◆ **EXERCISE DIRECTIONS**
Skip the pictures. Transcribe exactly the lines from the line containing "Gaines Maple Leaf" to the end of the listing.

(INFORMATION SUPPLIED begins)

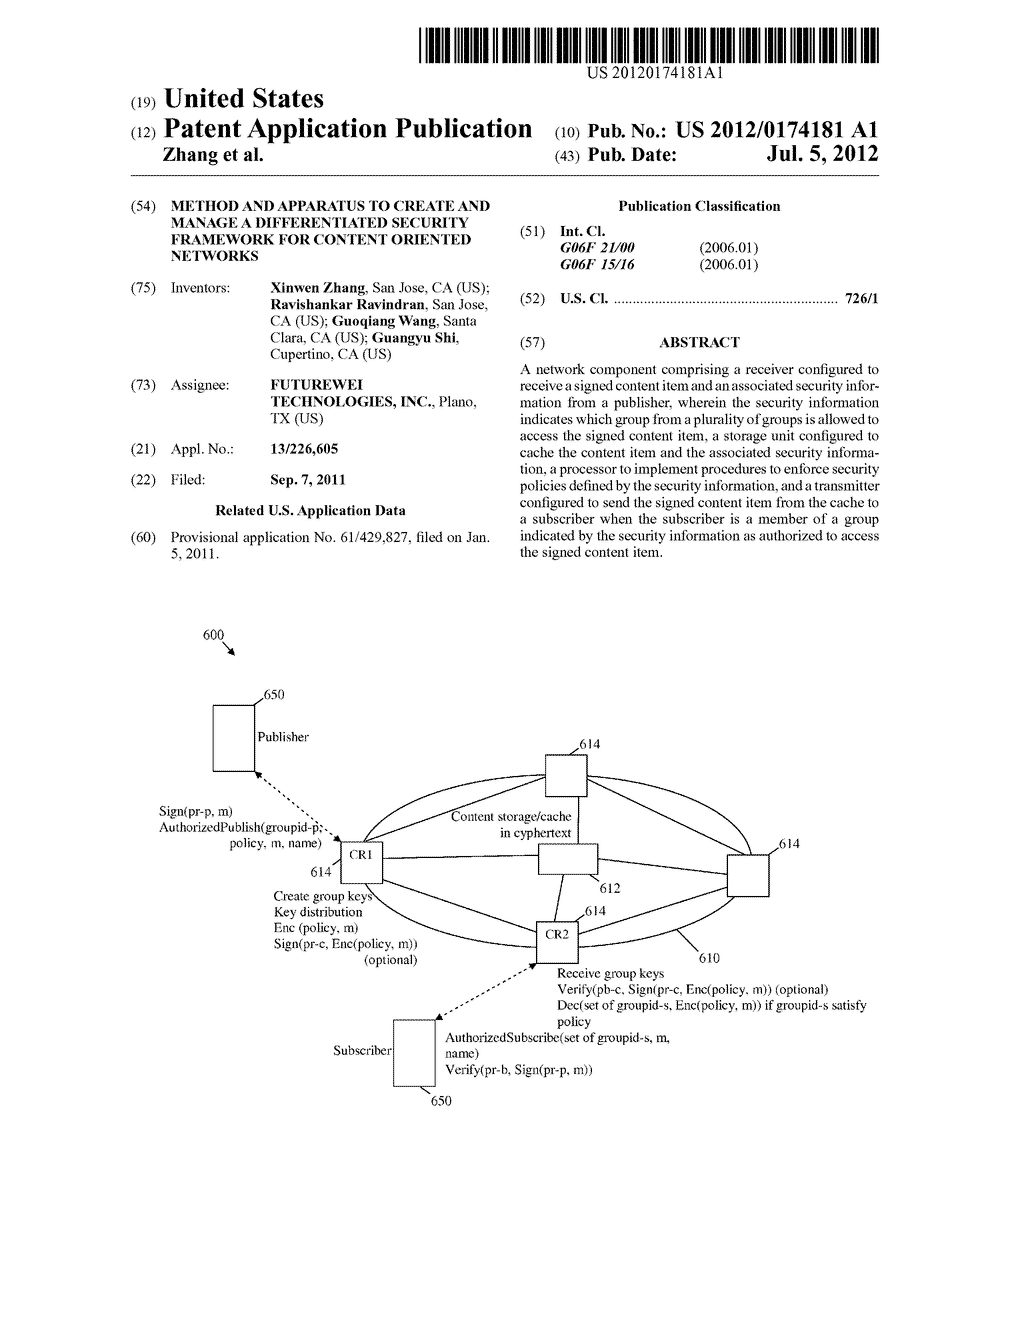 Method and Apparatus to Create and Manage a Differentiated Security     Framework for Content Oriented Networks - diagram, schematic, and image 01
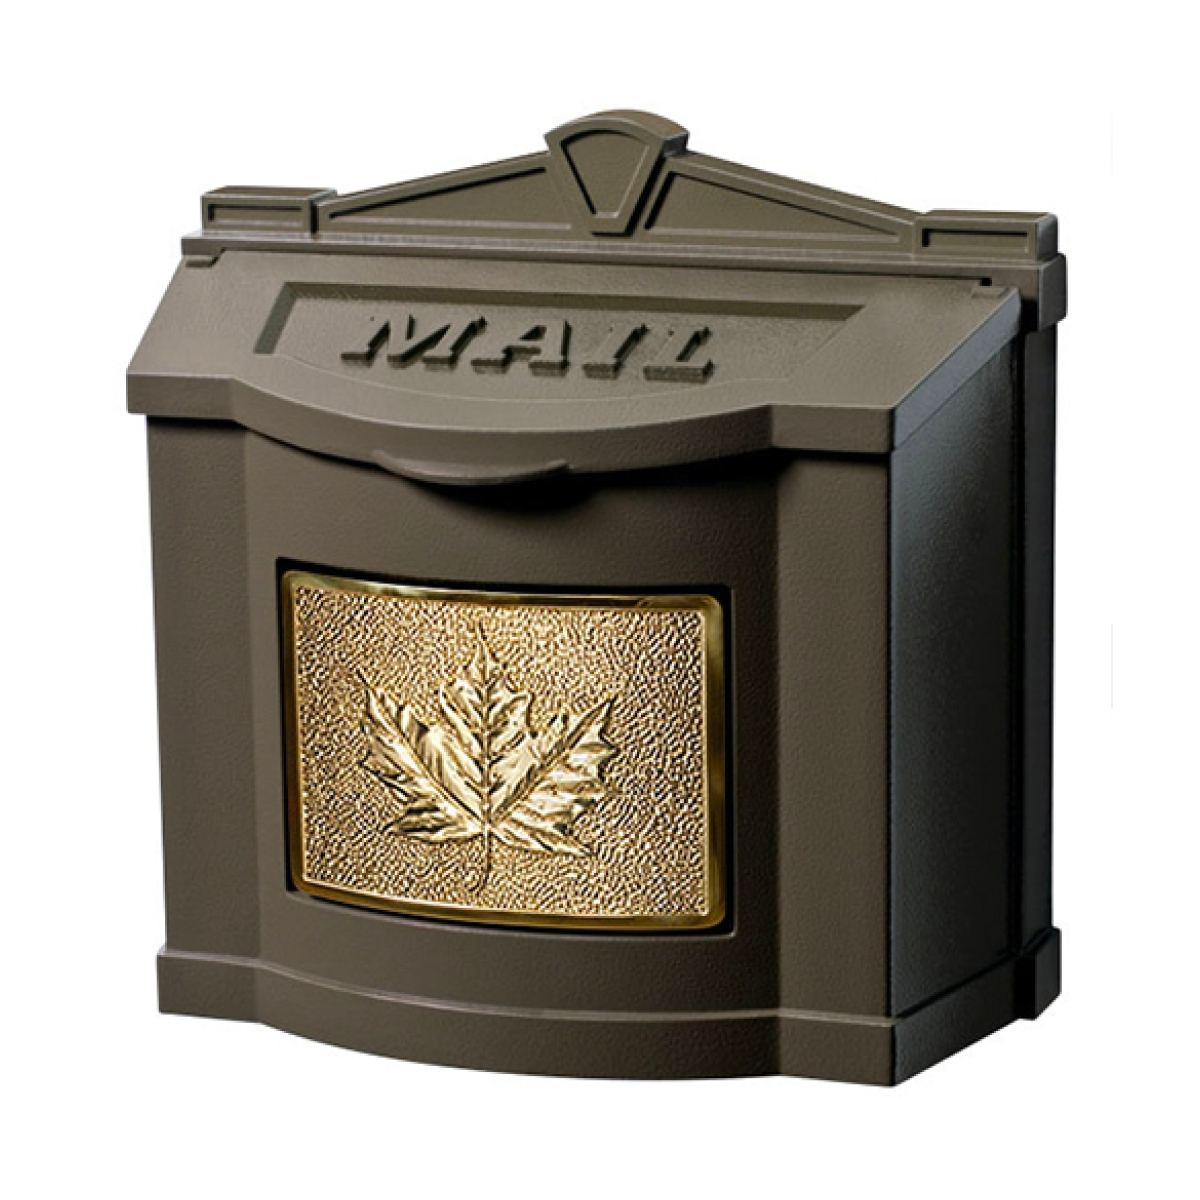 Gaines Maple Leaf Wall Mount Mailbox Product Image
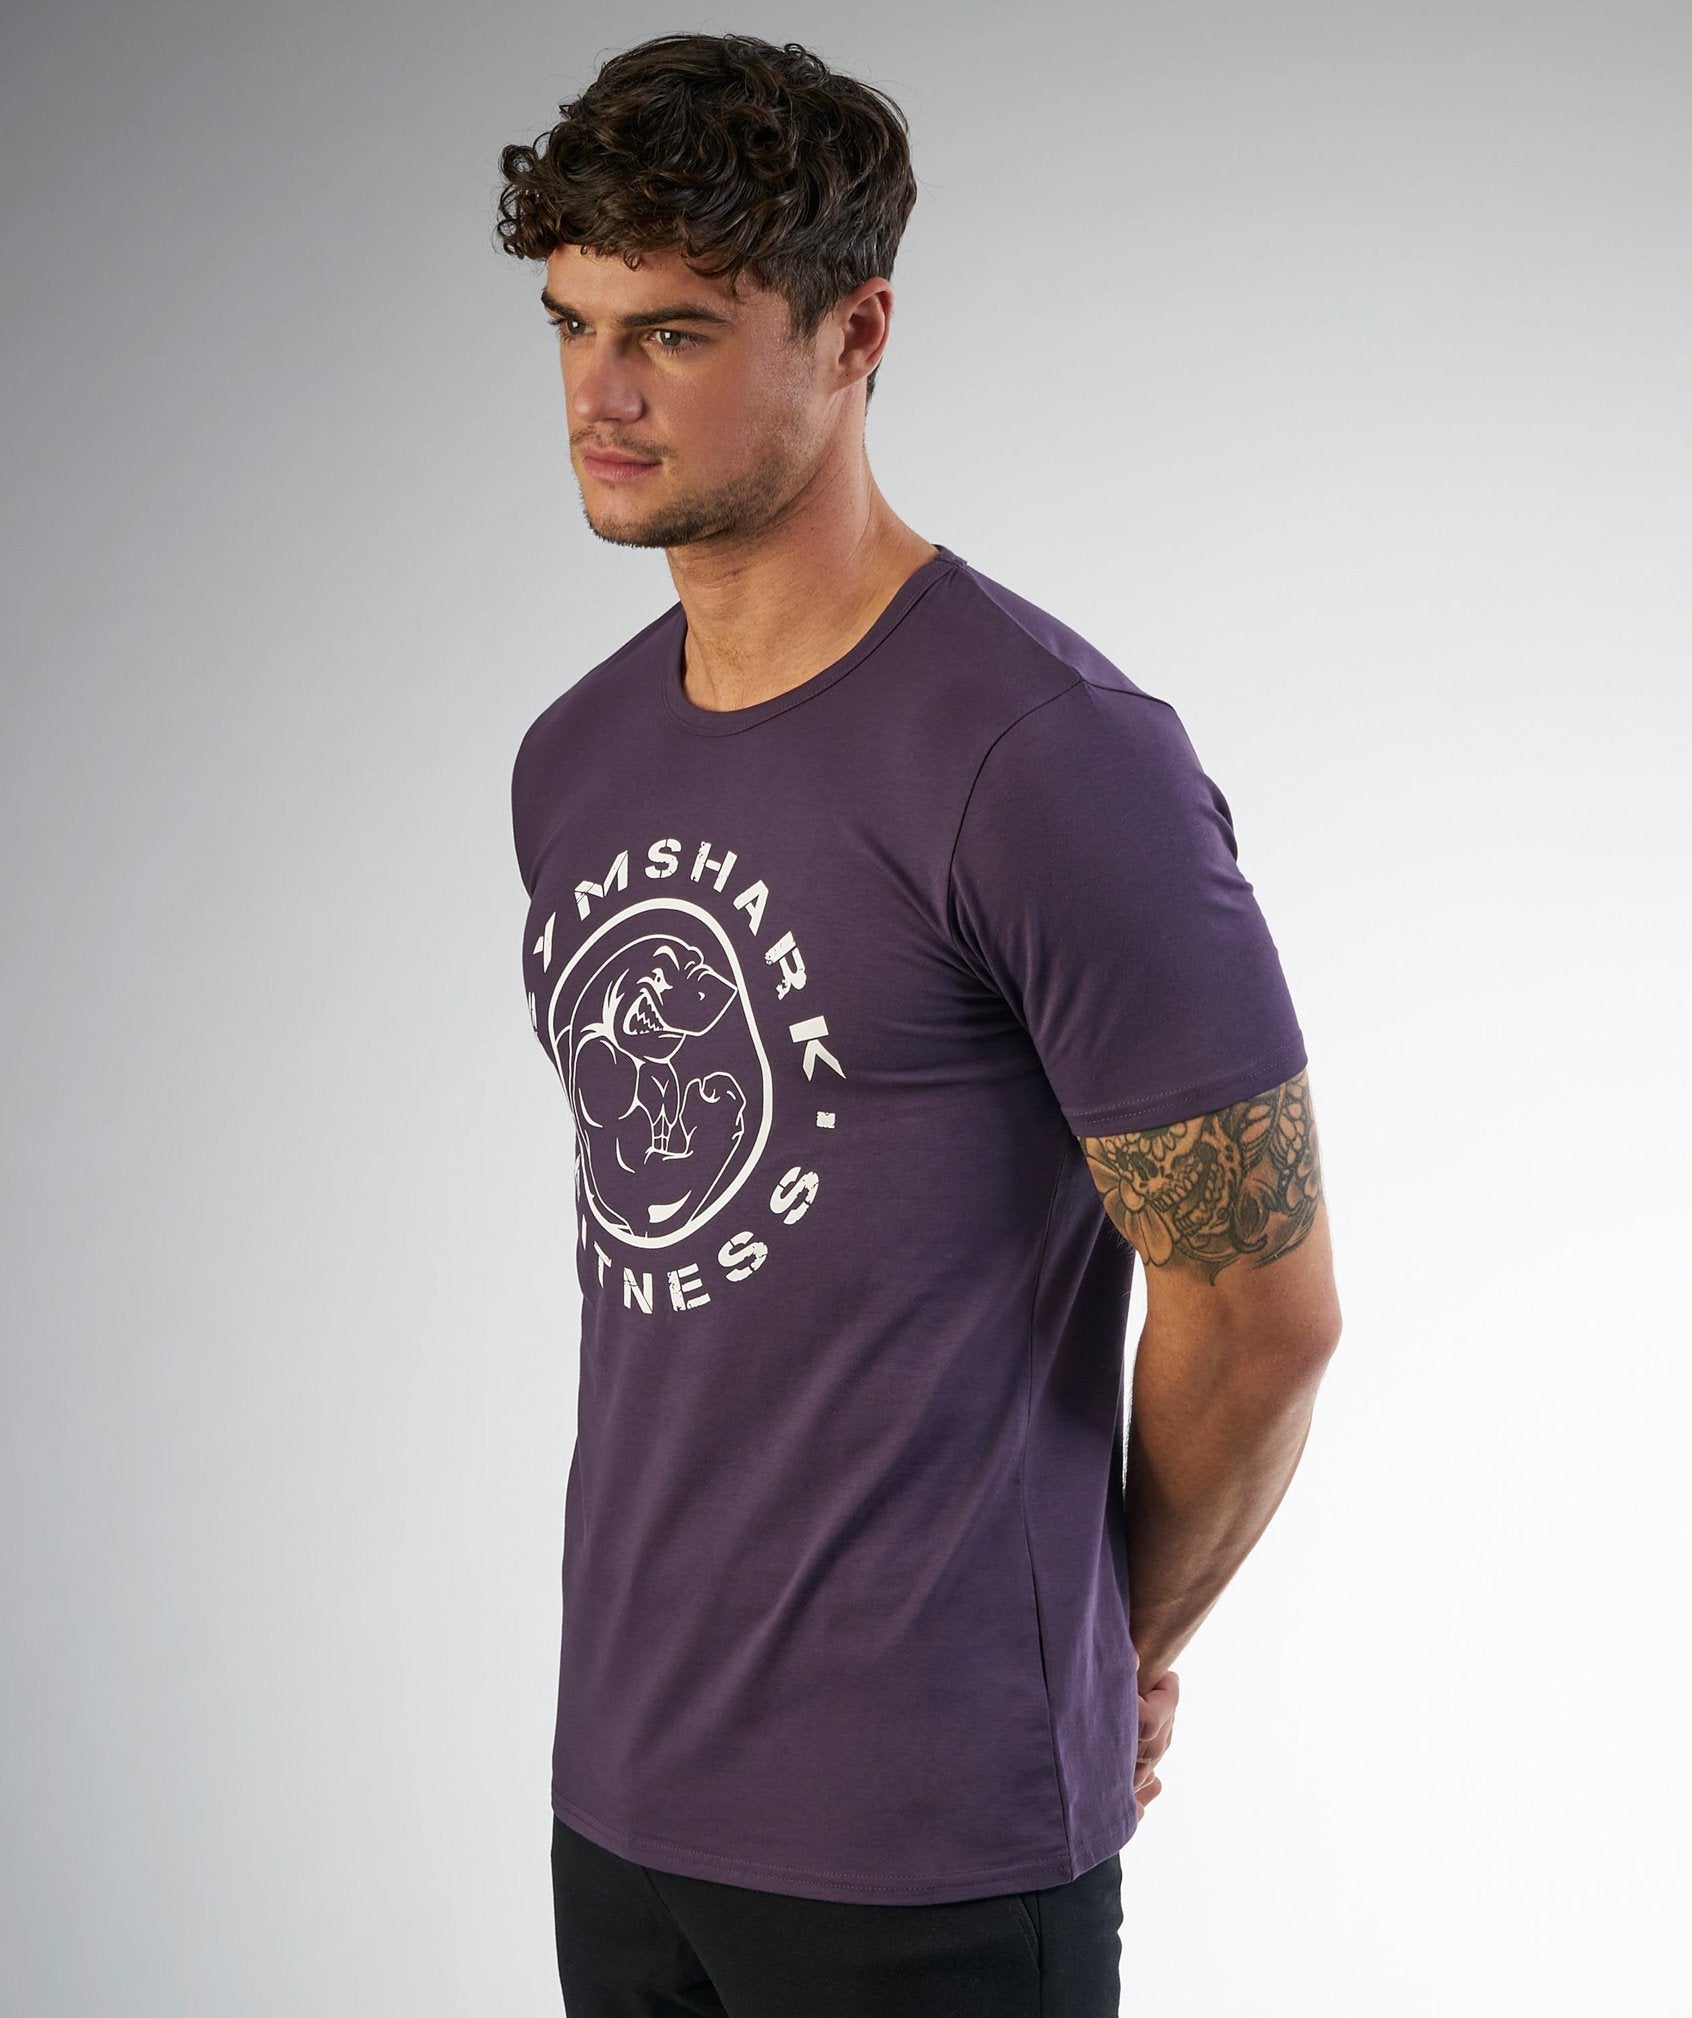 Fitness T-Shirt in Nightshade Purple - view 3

(INFORMATION SUPPLIED ends)

◆ **EXERCISE SOLUTION**
 Gaines Maple Leaf Wall Mount Mailbox Product Image
 Fitness T-Shirt in Nightshade Purple - view 3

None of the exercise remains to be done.